I was probably acting in such a magnanimous way because it is easy to be blinded by love, and we were in our twenties and full of vim and vigour, and when all’s said and done I am a man who can never be accused of making a mountain out of some yeast extract.
But on my wife’s return from three weeks in Australia she opens the kitchen cupboard to an unfamiliar sight.
“Marmite?” she says, and then her face falls a little.
I suppose for her it must be like the last 10 years never happened.
“It’s just yeast extract,” I say, using a very comforting voice, and I daresay this is the first time that sentence has ever been said in a comforting way. It sounds like something a doctor might say while examining unusual discharge.

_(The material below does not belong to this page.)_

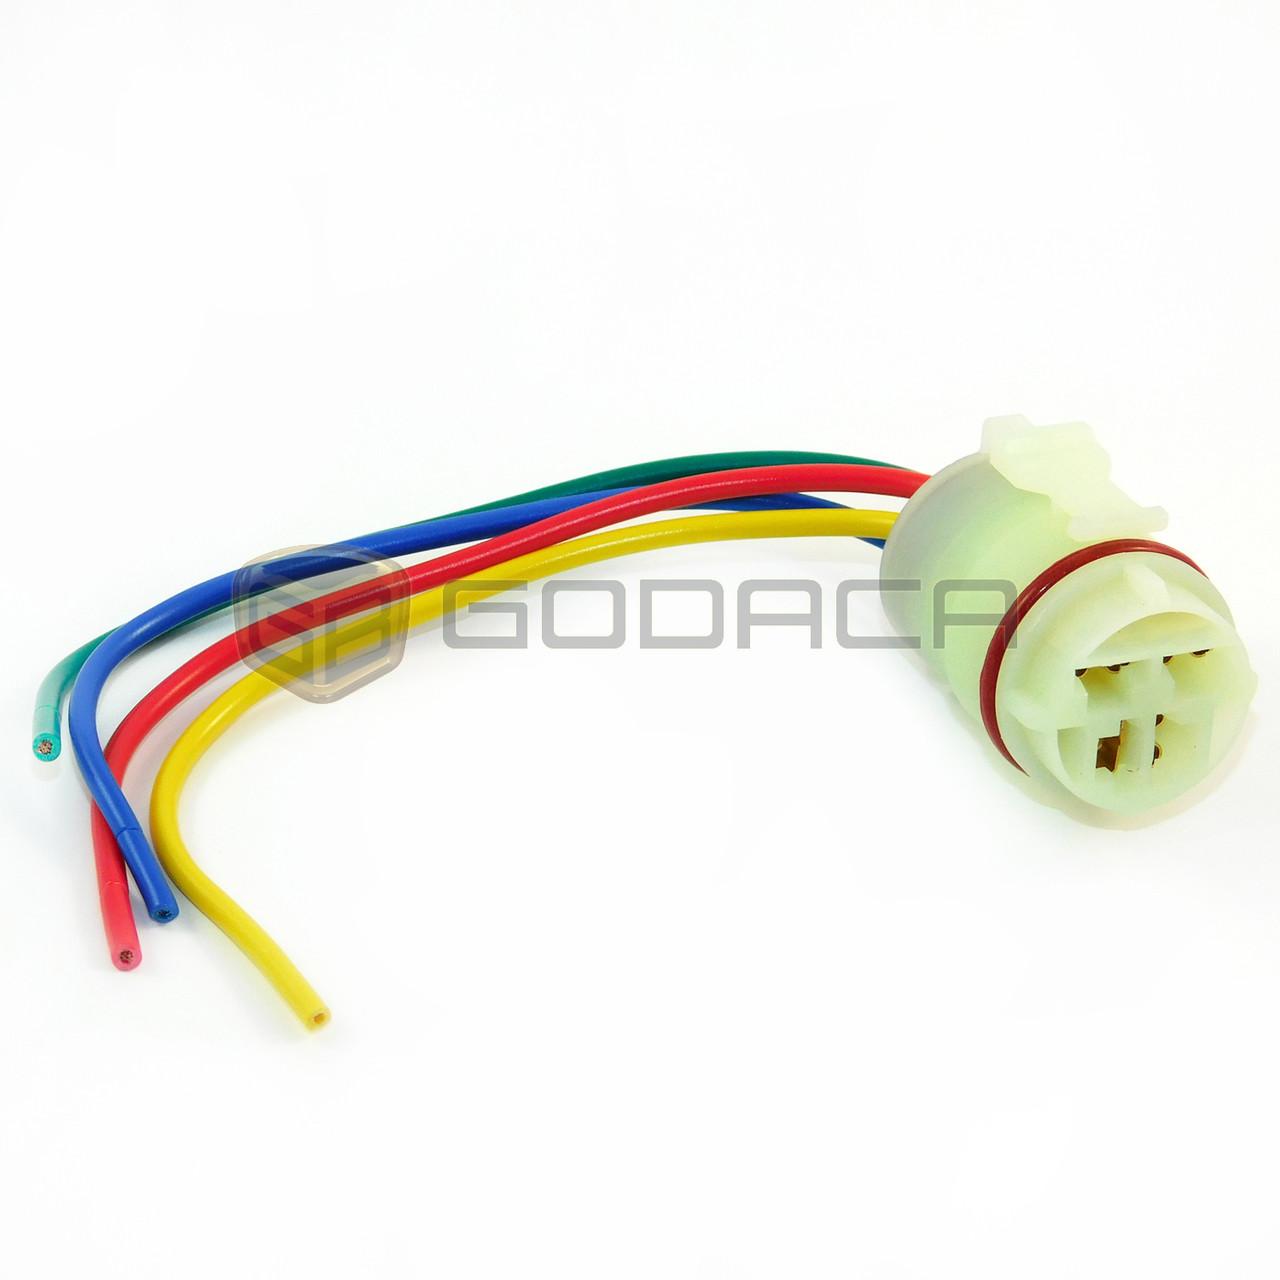 hight resolution of 1 x 4 way connector alternator repair plug harness universal for gm gm wiring harness repair

She closes the door and smiles a sad half-smile. Is it the finances she’s worried about?
“We have reached a stage in life where we can afford to keep both Vegemite and Marmite to hand,” I say, like I’m Lord Grantham. “I know it sounds grandiloquent.”
“Not as grandiloquent as saying grandiloquent,” she says, which bursts my bubble because I was proud of that and I’m already looking forward to the next time I can use it. “It’s just that…”
“Well… you bought what you wanted and not what we normally get. And that means you don’t normally get what you want. And that makes me sad.”
There is a poignant moment. She sees this pot of Marmite and thinks of all the pots of Marmite I never bought. She imagines a giant pot of Marmite labelled ‘sacrifice’.
I want to reassure her. I want to tell her this was an impulse purchase. I was in the shop and there it was and we’d run out of Vegemite and you were away so
I just stuck it in the trolley. It was just spread. It meant nothing.
But the truth is, I am totally back on the Marmite train. In the decade we’ve been apart I admit I did not often miss its taste – until it was in front of me, shining on toast. I would not have bought it if my wife had been home, so she’s right – this was for me. A selfish act. But she’s worried about what it says about our marriage. That buying Marmite instead of Vegemite represents a brief moment of striking out as an individual, not as a husband.
“I suppose it is inevitable that in the unification of two disparate souls, one’s ambitions and pleasures must be compromised,” I say. Grandiloquently.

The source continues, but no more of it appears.